▶ [TASK STATEMENT] Look through the records below for the line with "- Stock Image" and the line with "I.G Port Wit Studio 进击的巨人最终季 MAPPA", then return those lines and all lines between, exactly.
[DATA SHOWN Boundary: Start]
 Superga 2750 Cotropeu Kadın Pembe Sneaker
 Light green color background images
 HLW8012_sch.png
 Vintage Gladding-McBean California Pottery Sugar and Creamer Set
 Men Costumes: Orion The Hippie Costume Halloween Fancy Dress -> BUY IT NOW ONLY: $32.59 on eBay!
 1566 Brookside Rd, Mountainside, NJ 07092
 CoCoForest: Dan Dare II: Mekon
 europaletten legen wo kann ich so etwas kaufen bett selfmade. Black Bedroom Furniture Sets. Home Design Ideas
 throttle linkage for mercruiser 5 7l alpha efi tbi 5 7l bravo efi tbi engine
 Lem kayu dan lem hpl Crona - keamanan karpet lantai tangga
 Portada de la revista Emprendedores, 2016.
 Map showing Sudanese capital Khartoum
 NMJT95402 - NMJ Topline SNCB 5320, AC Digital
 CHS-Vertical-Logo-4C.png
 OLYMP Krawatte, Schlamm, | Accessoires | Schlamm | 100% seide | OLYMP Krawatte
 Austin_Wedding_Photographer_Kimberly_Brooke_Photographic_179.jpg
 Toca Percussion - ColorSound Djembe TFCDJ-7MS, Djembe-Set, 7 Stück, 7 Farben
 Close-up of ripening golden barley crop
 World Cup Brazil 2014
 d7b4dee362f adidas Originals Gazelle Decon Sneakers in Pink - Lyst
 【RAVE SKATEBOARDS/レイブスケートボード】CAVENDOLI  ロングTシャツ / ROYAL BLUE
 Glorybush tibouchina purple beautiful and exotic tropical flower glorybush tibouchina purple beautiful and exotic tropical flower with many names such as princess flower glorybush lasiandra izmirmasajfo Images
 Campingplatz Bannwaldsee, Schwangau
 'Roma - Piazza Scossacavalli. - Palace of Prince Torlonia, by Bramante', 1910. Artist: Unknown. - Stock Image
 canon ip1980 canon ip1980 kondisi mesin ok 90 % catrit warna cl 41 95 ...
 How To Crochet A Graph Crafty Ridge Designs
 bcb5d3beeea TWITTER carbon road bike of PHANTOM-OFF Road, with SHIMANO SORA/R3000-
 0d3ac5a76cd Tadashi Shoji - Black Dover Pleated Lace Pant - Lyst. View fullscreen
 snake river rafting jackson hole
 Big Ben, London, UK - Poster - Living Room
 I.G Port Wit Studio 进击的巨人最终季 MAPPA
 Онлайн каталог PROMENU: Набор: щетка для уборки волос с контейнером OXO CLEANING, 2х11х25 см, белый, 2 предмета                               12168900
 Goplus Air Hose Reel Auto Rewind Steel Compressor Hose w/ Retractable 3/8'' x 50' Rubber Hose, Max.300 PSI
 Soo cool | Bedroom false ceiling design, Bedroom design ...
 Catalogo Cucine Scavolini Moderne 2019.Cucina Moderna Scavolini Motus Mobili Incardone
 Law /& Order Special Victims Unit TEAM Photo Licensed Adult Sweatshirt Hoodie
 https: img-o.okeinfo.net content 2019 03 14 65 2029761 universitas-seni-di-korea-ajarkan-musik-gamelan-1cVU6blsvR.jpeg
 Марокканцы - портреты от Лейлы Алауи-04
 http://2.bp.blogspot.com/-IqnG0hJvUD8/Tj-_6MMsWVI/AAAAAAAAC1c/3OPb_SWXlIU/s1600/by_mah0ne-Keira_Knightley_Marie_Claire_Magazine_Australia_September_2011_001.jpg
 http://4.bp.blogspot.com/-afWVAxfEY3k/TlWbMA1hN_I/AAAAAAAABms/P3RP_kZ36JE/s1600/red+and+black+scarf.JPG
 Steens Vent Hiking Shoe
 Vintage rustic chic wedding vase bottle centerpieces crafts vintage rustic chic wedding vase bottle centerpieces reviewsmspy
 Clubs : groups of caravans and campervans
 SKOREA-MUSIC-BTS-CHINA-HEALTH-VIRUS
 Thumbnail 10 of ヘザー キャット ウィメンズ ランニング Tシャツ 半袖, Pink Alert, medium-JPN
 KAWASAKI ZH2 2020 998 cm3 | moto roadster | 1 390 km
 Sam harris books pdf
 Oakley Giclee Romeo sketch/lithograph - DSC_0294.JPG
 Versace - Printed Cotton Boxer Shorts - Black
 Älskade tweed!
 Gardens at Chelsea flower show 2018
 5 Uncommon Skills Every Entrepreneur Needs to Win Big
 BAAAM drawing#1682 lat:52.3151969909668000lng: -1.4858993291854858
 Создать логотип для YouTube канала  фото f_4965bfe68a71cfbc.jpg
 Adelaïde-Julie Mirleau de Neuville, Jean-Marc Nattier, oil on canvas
[DATA SHOWN Boundary: End]
▶ [ANSWER BELOW]
 'Roma - Piazza Scossacavalli. - Palace of Prince Torlonia, by Bramante', 1910. Artist: Unknown. - Stock Image
 canon ip1980 canon ip1980 kondisi mesin ok 90 % catrit warna cl 41 95 ...
 How To Crochet A Graph Crafty Ridge Designs
 bcb5d3beeea TWITTER carbon road bike of PHANTOM-OFF Road, with SHIMANO SORA/R3000-
 0d3ac5a76cd Tadashi Shoji - Black Dover Pleated Lace Pant - Lyst. View fullscreen
 snake river rafting jackson hole
 Big Ben, London, UK - Poster - Living Room
 I.G Port Wit Studio 进击的巨人最终季 MAPPA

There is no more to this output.